> Hell if I know why they use fcntl() for locks, and don't even give
> you the option to block.

I think because they need to detect dead locks. BTW, I believe in case
of dead lock even busy_handler will not be called, just SQLITE_BUSY is
returned...

>    I think we are a long way from me screwing around with sqlite's
> source. What I'm trying for is a solution with my own source code.

Then neither flock() nor fcntl() will not help you. Your own code have
control only over the busy handler which gains control only when
database is locked. And it should understand somehow when other
process not calling any busy handlers unlocks database... And I
believe there's no solution here any better than simple
sleep-and-retry.

Pavel

On Fri, Sep 18, 2009 at 1:47 PM, Angus March <an...@uducat.com> wrote:
> Pavel Ivanov wrote:
>>>    The kernel grants them: http://www.manpagez.com/man/2/flock . Or I
>>> might use fcntl().
>>>
>>
>> That's why I've asked what is different here from what SQLite already
>> does because SQLite uses fcntl() on database file already.

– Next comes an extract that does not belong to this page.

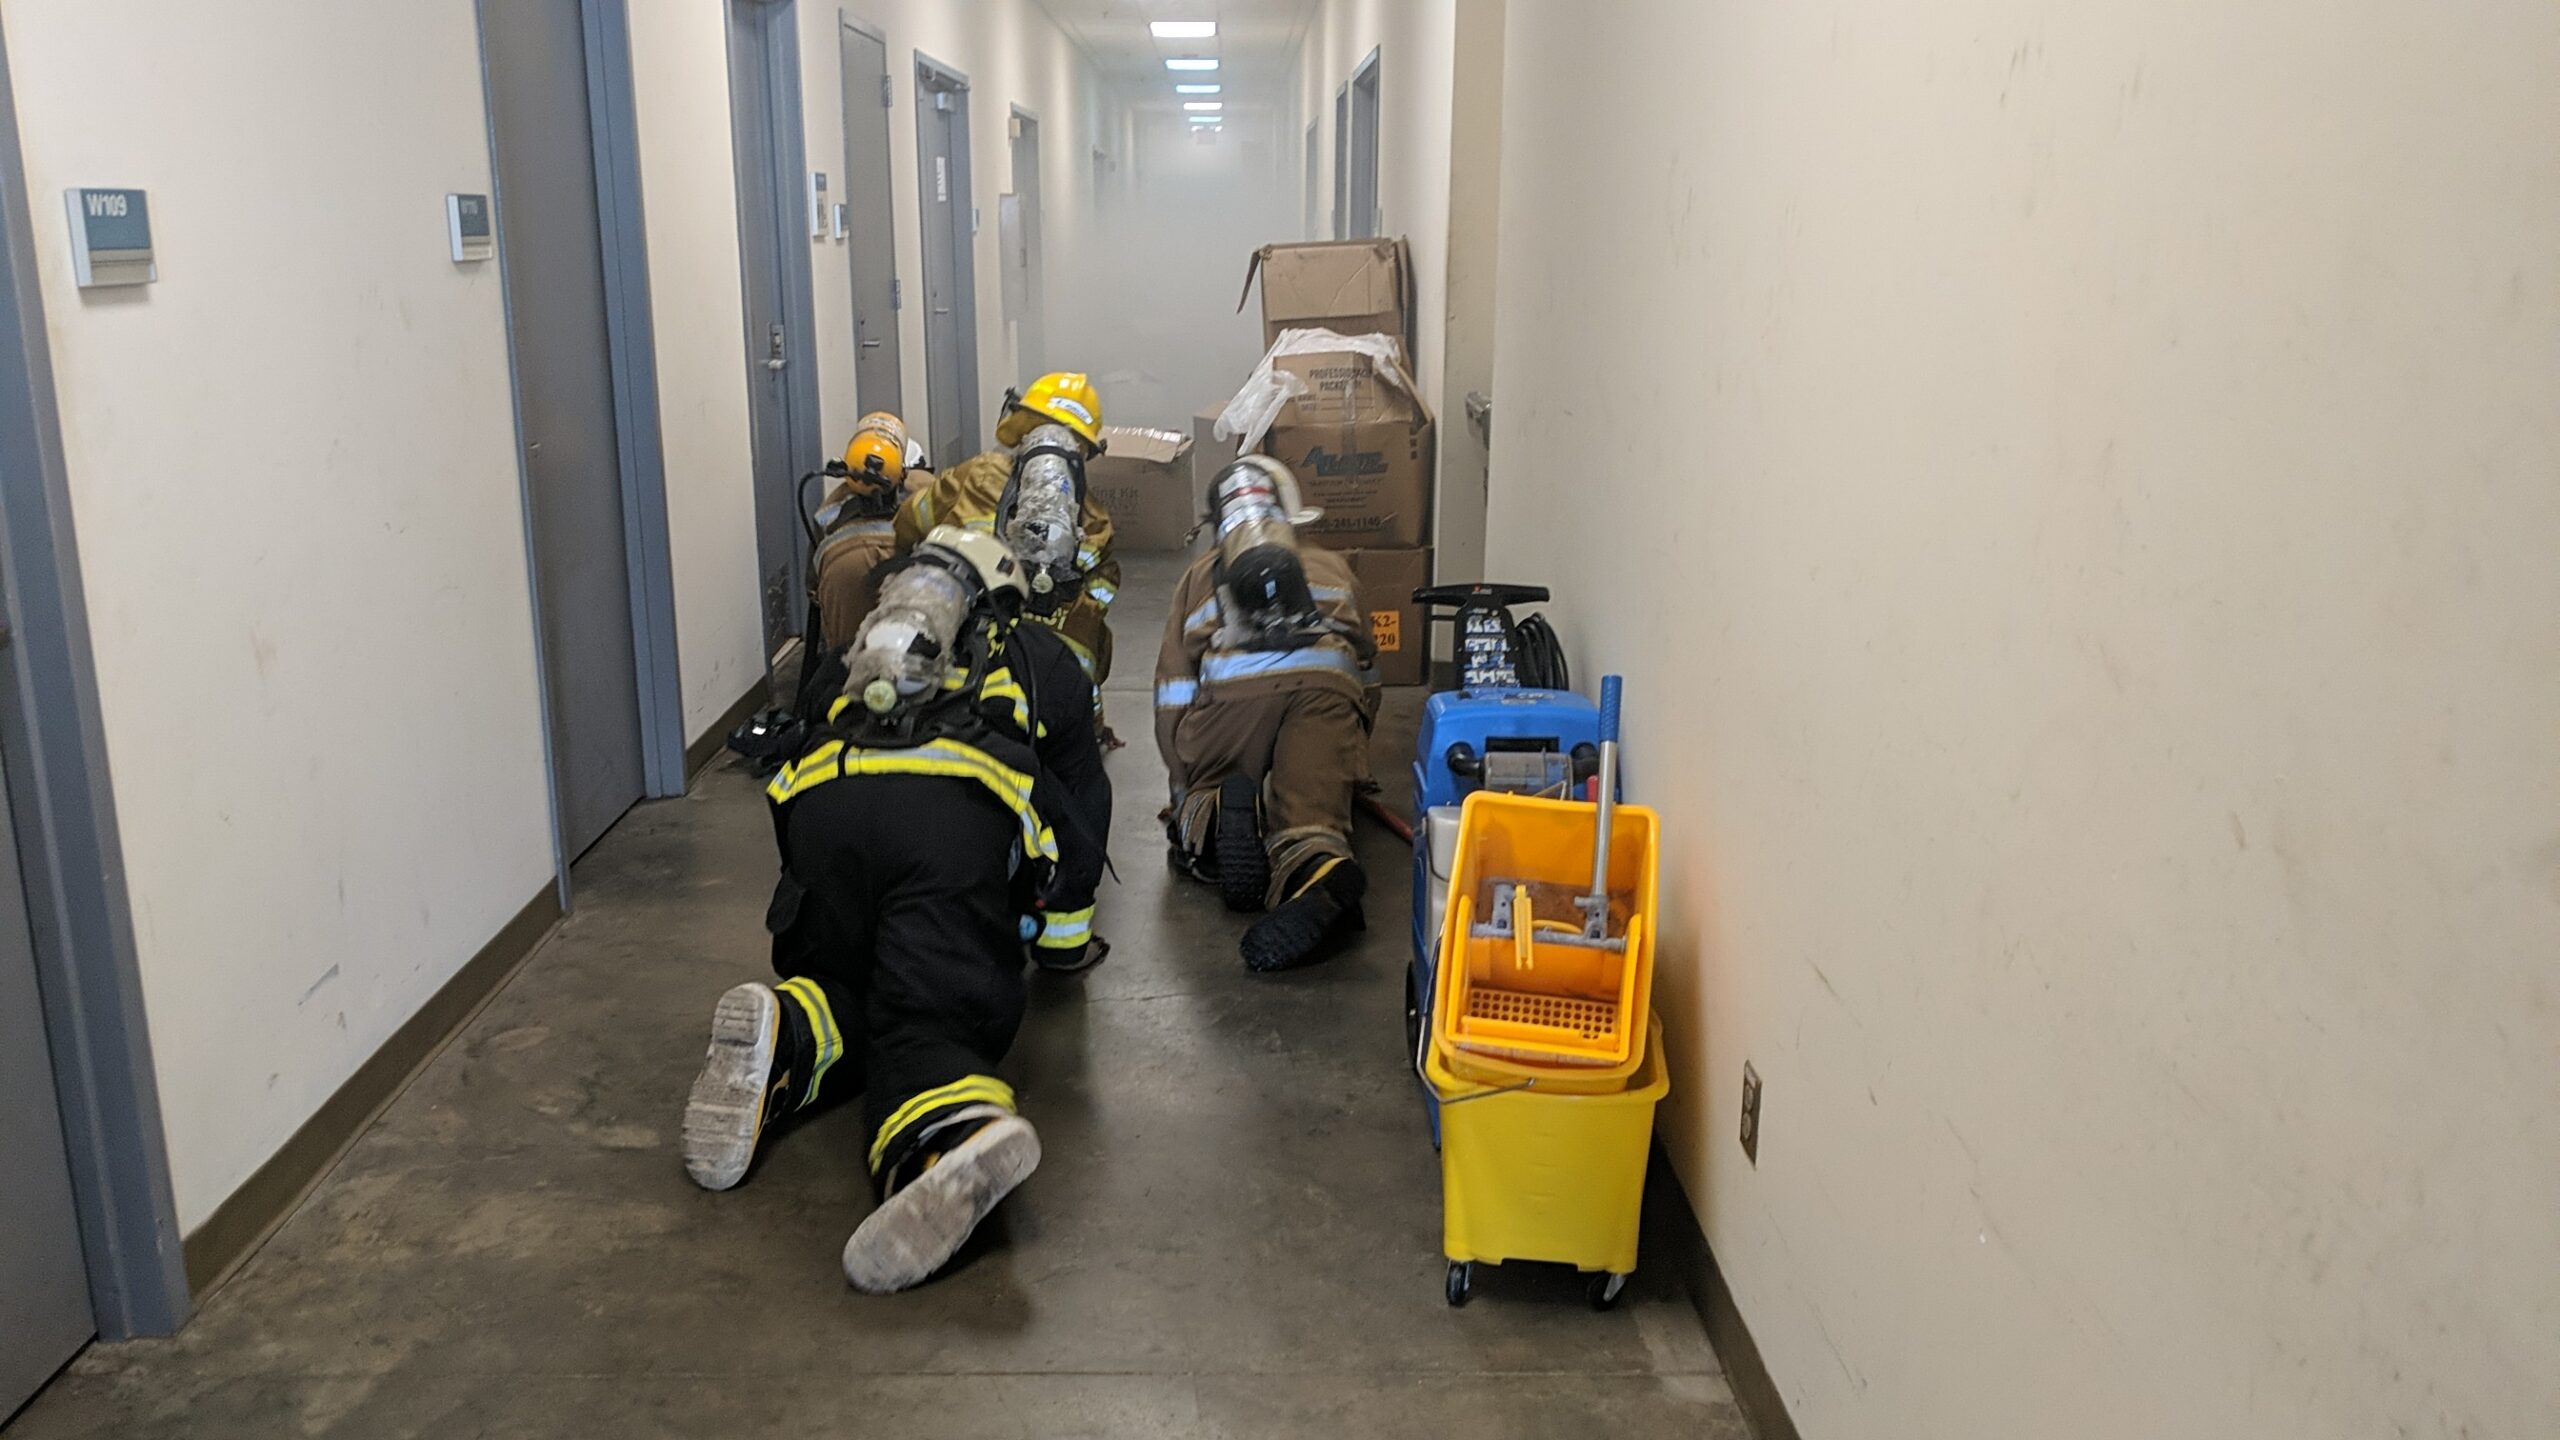 Members of the Liberia Fire Service crawl on the floor of a warehouse filled with artificial smoke to rescue two manikins placed there for them to locate and rescue, U.S. Embassy compound, Monrovia, Liberia, March 2021. (U.S. Department of State photo)

You can try
>>
>
>    Then it must use fcntl() with F_SETLK which doesn't block. If it
> used F_SETLKW then it would block, and I guess I wouldn't be in this
> mess. Hell if I know why they use fcntl() for locks, and don't even give
> you the option to block.
>
>> to change it to flock() of course but be aware that SQLite needs more
>> lock grades than flock() provides.
>>
>    I think we are a long way from me screwing around with sqlite's
> source. What I'm trying for is a solution with my own source code.